Griciuc Ana, Aron Liviu, Piccoli Giovanni, Ueffing Marius
Department of Protein Science, Helmholtz Zentrum Muenchen-German Research Center for Environmental Health (GmbH), 85764 Neuherberg, Germany.
Biochim Biophys Acta. 2010 Mar;1803(3):424-34. doi: 10.1016/j.bbamcr.2010.01.008. Epub 2010 Jan 25.
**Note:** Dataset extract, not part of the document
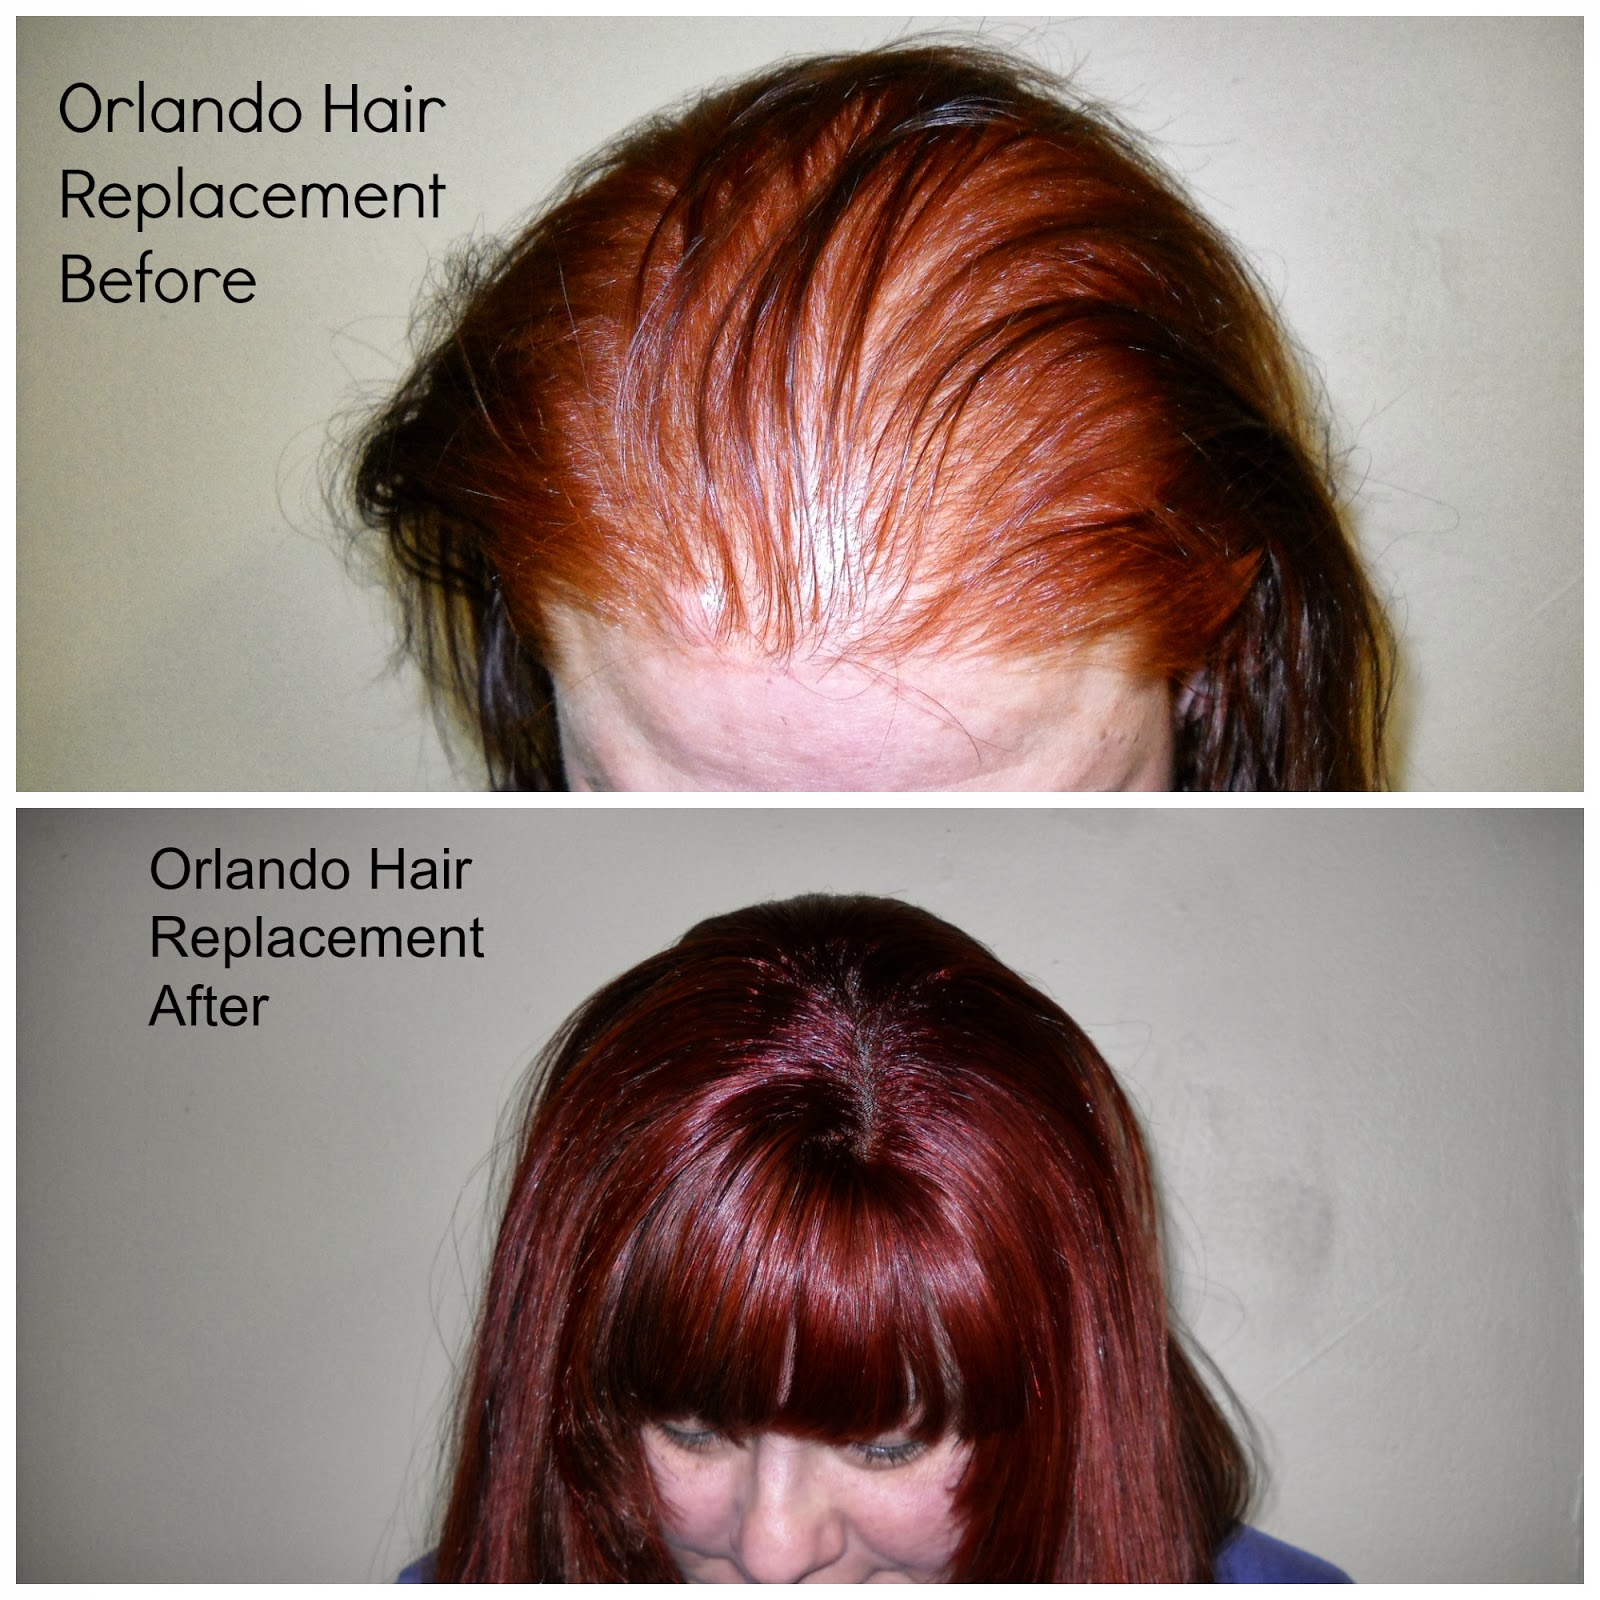 Orlando Hair Salon Secrets For Hair Growth

Dominant mutations in the visual pigment Rhodopsin (Rh) cause retinitis pigmentosa (RP) characterized by progressive blindness and retinal degeneration. The most common Rh mutation, Rh(P23H) forms aggregates in the endoplasmic reticulum (ER) and impairs the proteasome; however, the mechanisms linking Rh aggregate formation to proteasome dysfunction and photoreceptor cell loss remain unclear. Using mammalian cell cultures, we provide the first evidence that misfolded Rh(P23H) is a substrate of the ERAD effector VCP, an ATP-dependent chaperone that extracts misfolded proteins from the ER and escorts them for proteasomal degradation. VCP co-localizes with misfolded Rh(P23H) in retinal cells and requires functional N-terminal and D1 ATPase domains to form a complex with Rh(P23H) aggregates. Furthermore, VCP uses its D2 ATPase activity to promote Rh(P23H) aggregate retrotranslocation and proteasomal delivery. Our results raise the possibility that modulation of VCP and ERAD activity might have potential therapeutic significance for RP.
视色素视紫红质(Rh)中的显性突变会导致色素性视网膜炎(RP),其特征为进行性失明和视网膜变性。最常见的Rh突变Rh(P23H)在内质网(ER)中形成聚集体并损害蛋白酶体;然而,将Rh聚集体形成与蛋白酶体功能障碍和光感受器细胞丢失联系起来的机制仍不清楚。利用哺乳动物细胞培养,我们首次提供证据表明错误折叠的Rh(P23H)是ERAD效应蛋白VCP的底物,VCP是一种ATP依赖性伴侣蛋白,可从内质网中提取错误折叠的蛋白质并将它们护送至蛋白酶体进行降解。VCP在视网膜细胞中与错误折叠的Rh(P23H)共定位,并且需要功能性的N末端和D1 ATP酶结构域才能与Rh(P23H)聚集体形成复合物。此外,VCP利用其D2 ATP酶活性促进Rh(P23H)聚集体的逆向转运和蛋白酶体递送。我们的结果提出了一种可能性,即调节VCP和ERAD活性可能对RP具有潜在的治疗意义。